_Task description:_ Quote, word for word, only the lines running from the line with "No.002 -「生命の樹 #007」" through the end of the listing. Leave out the pictures.

_Supplied information:_
———
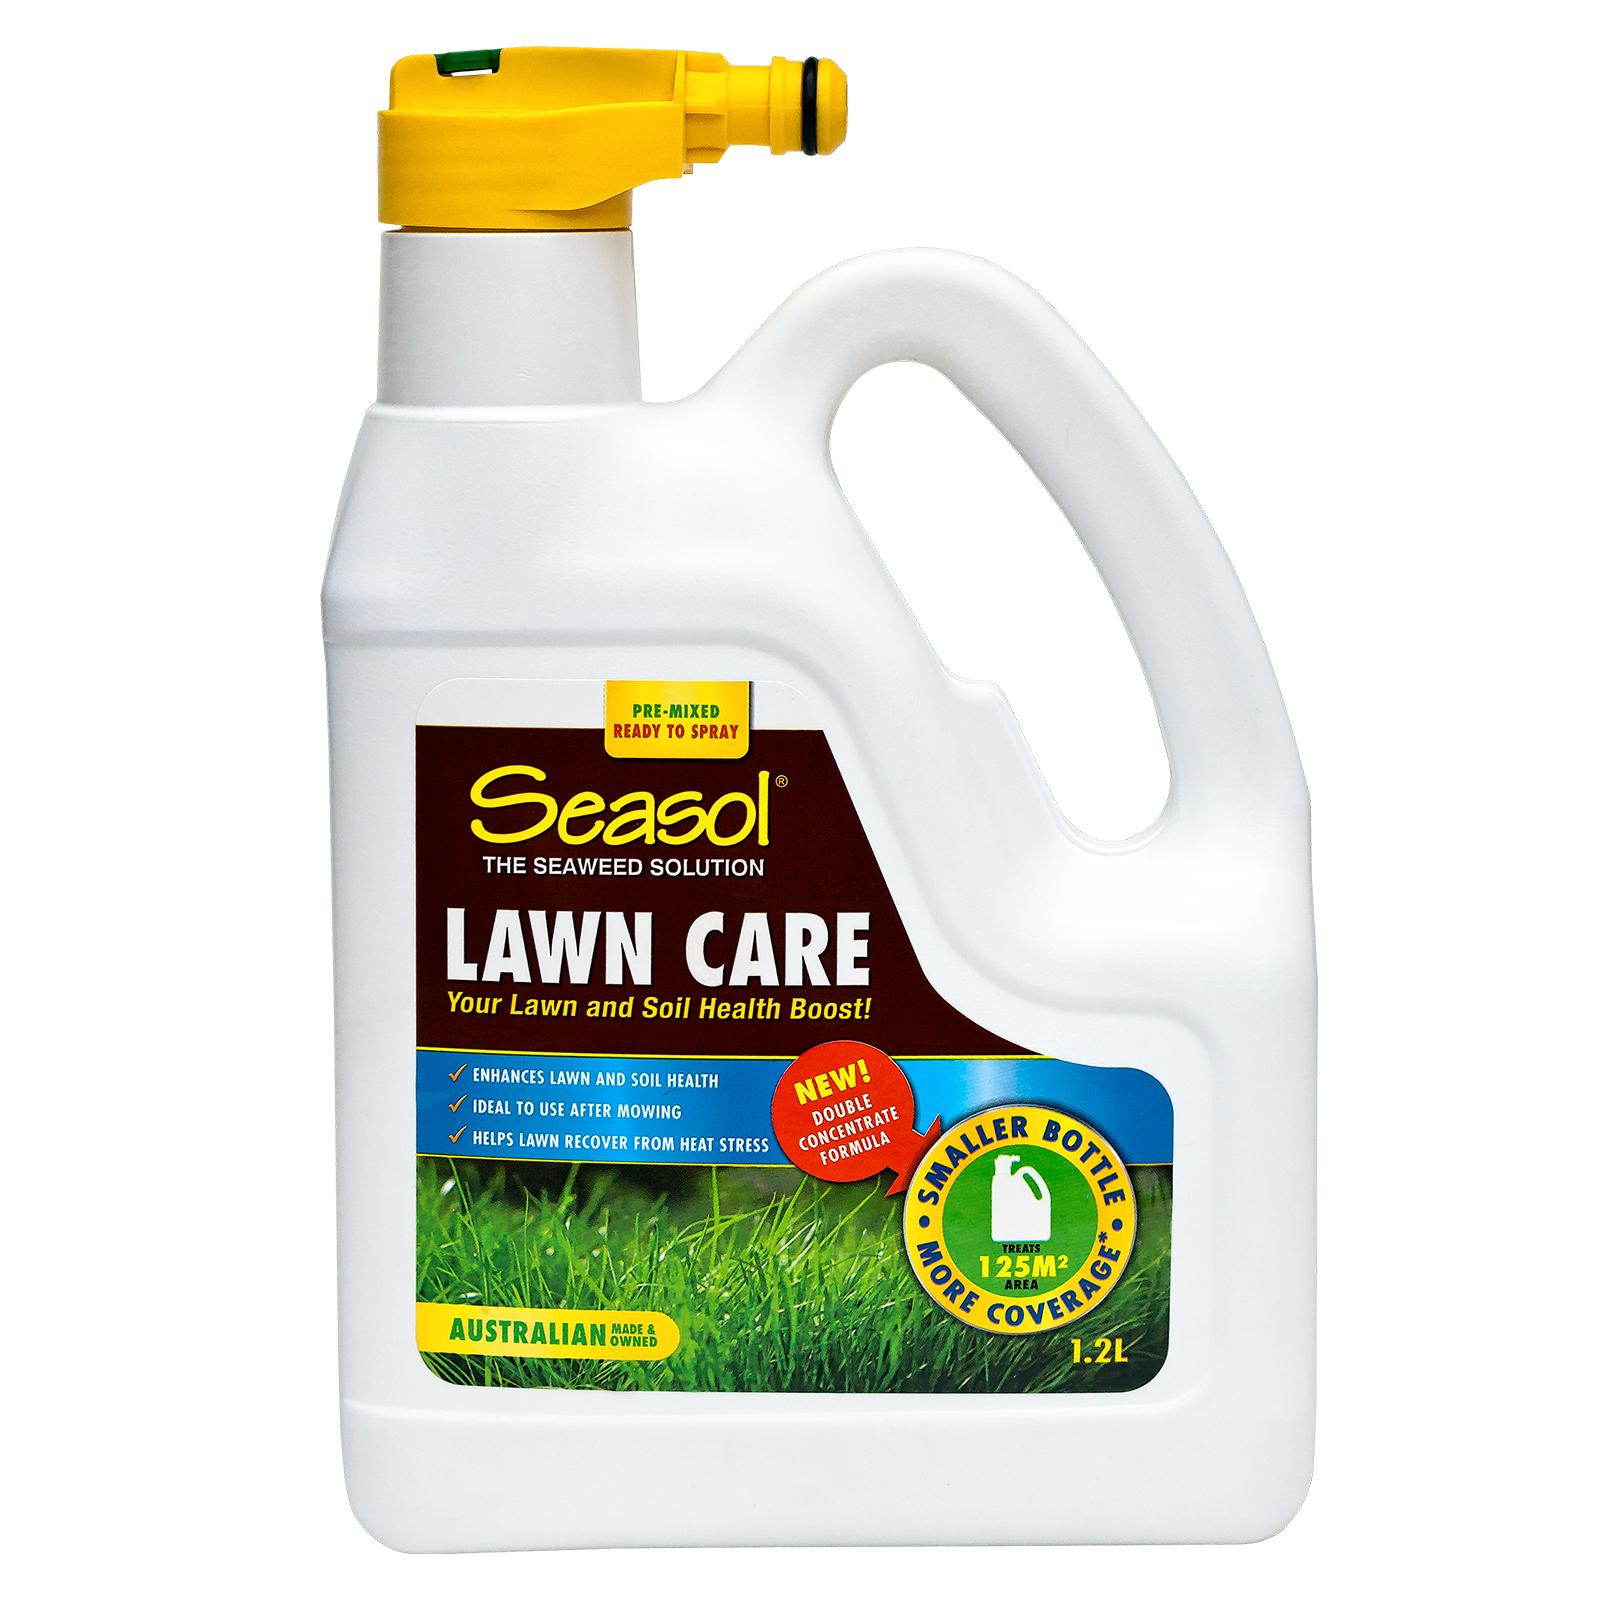 Seasol 1.2L Hose On Lawn Care
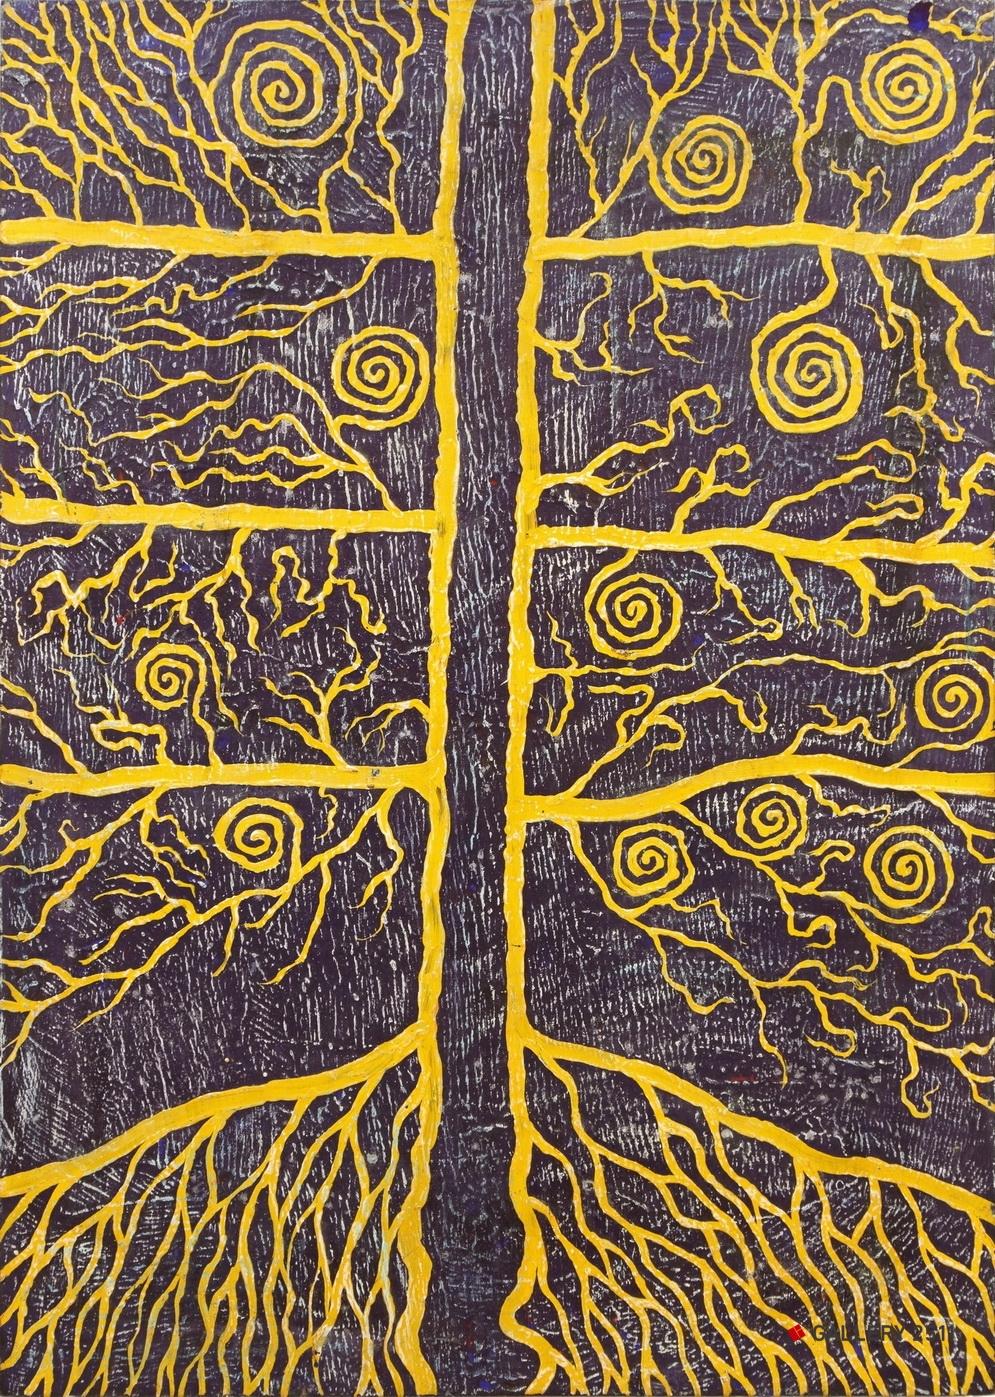 No.002 -「生命の樹 #007」  Acrilic on Wood panel, W420mm× H595mm, 1998.07.04
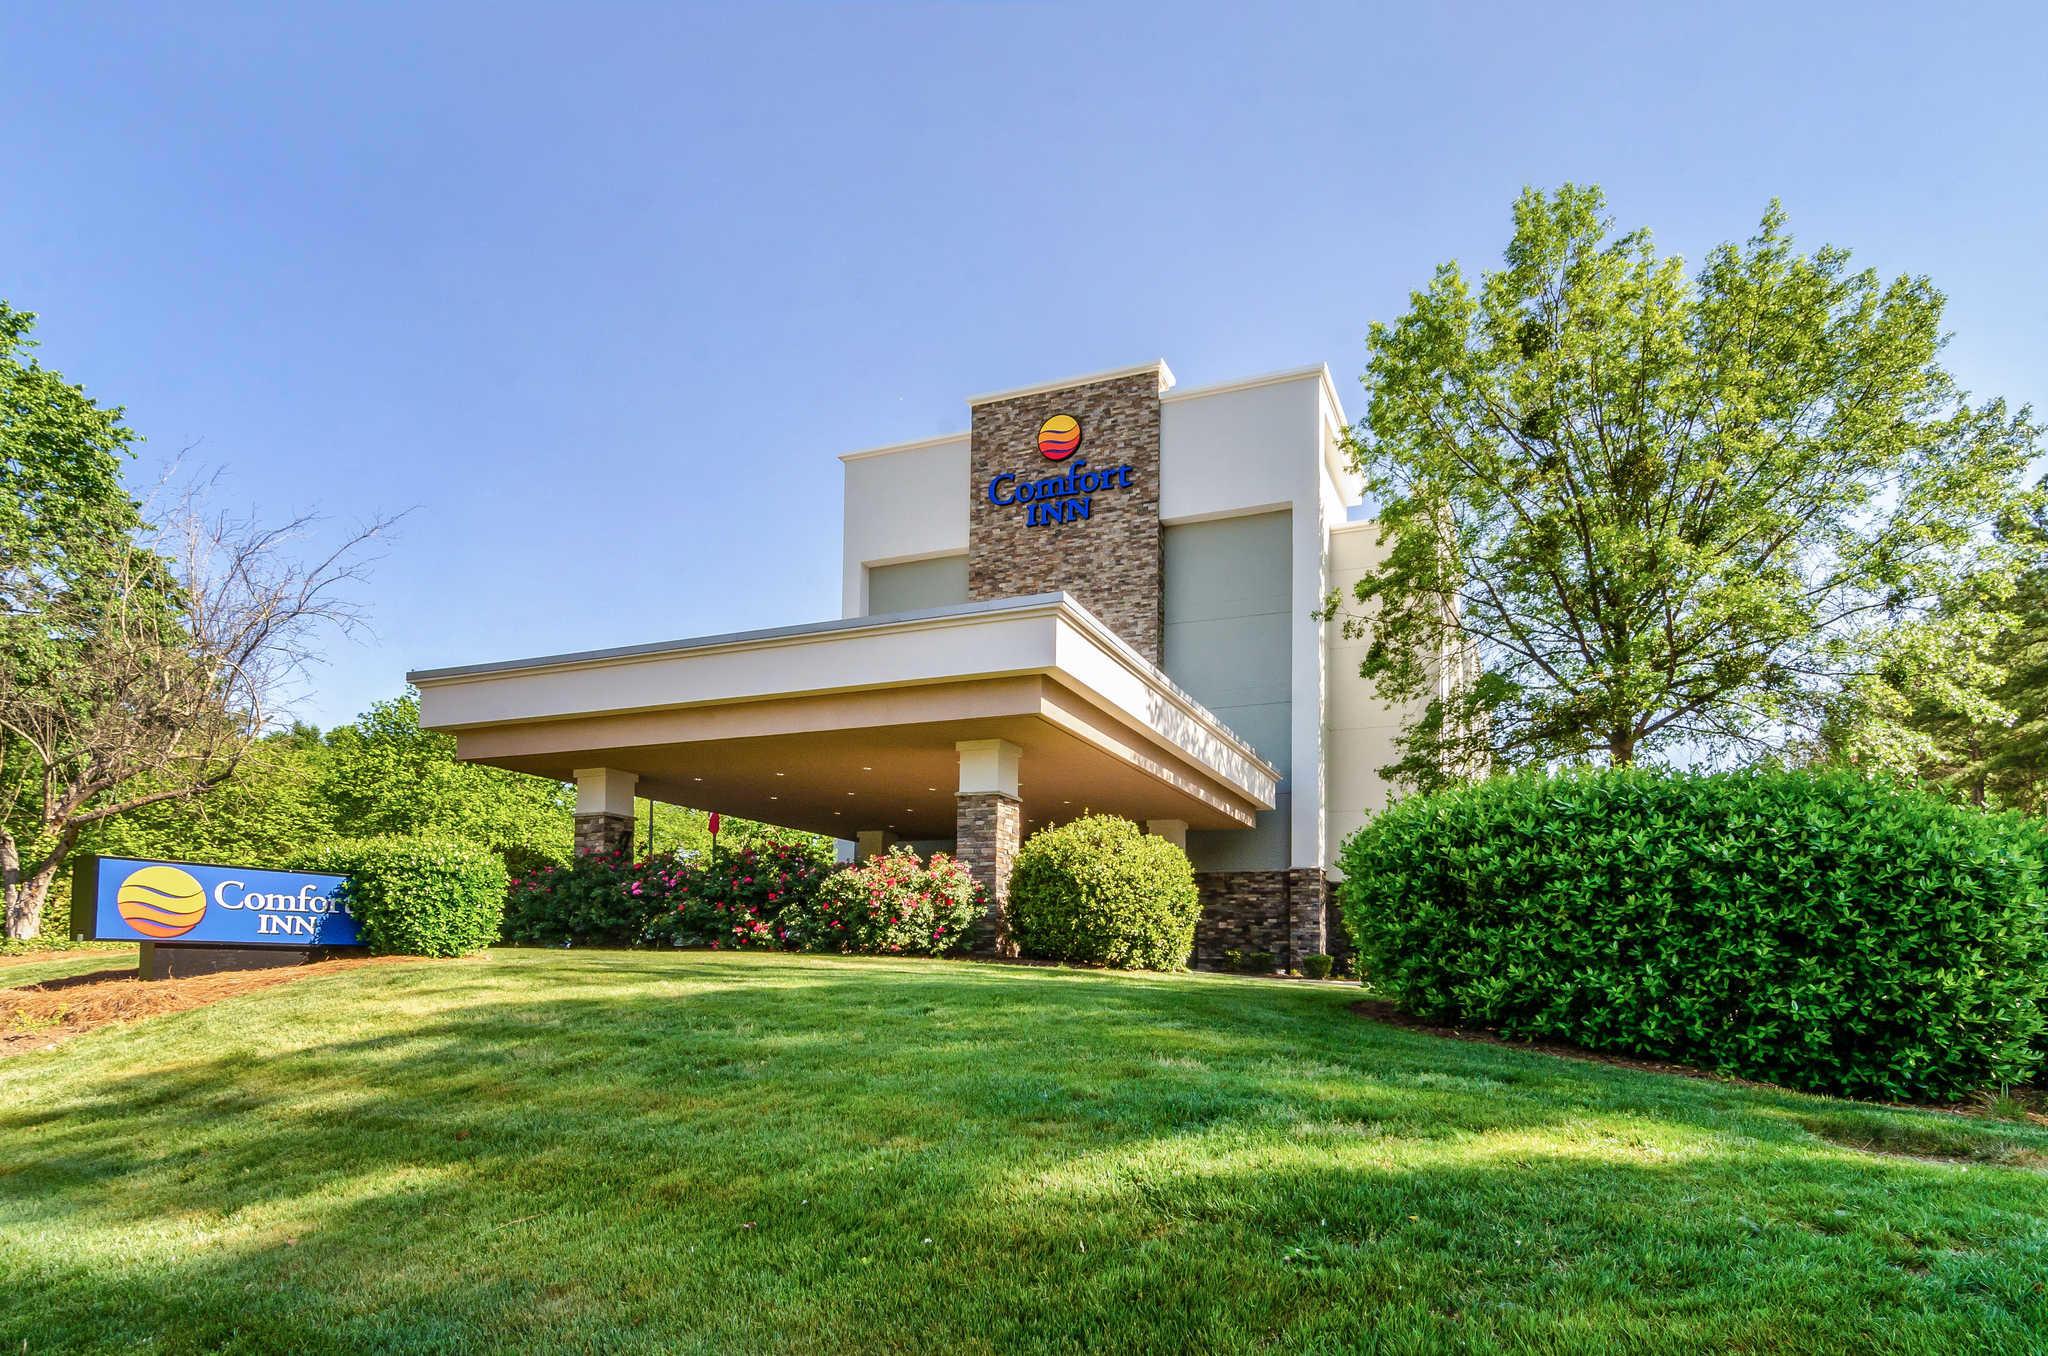 Comfort Inn Raleigh Midtown image 0
———
_Answer space:_
 No.002 -「生命の樹 #007」  Acrilic on Wood panel, W420mm× H595mm, 1998.07.04
 Comfort Inn Raleigh Midtown image 0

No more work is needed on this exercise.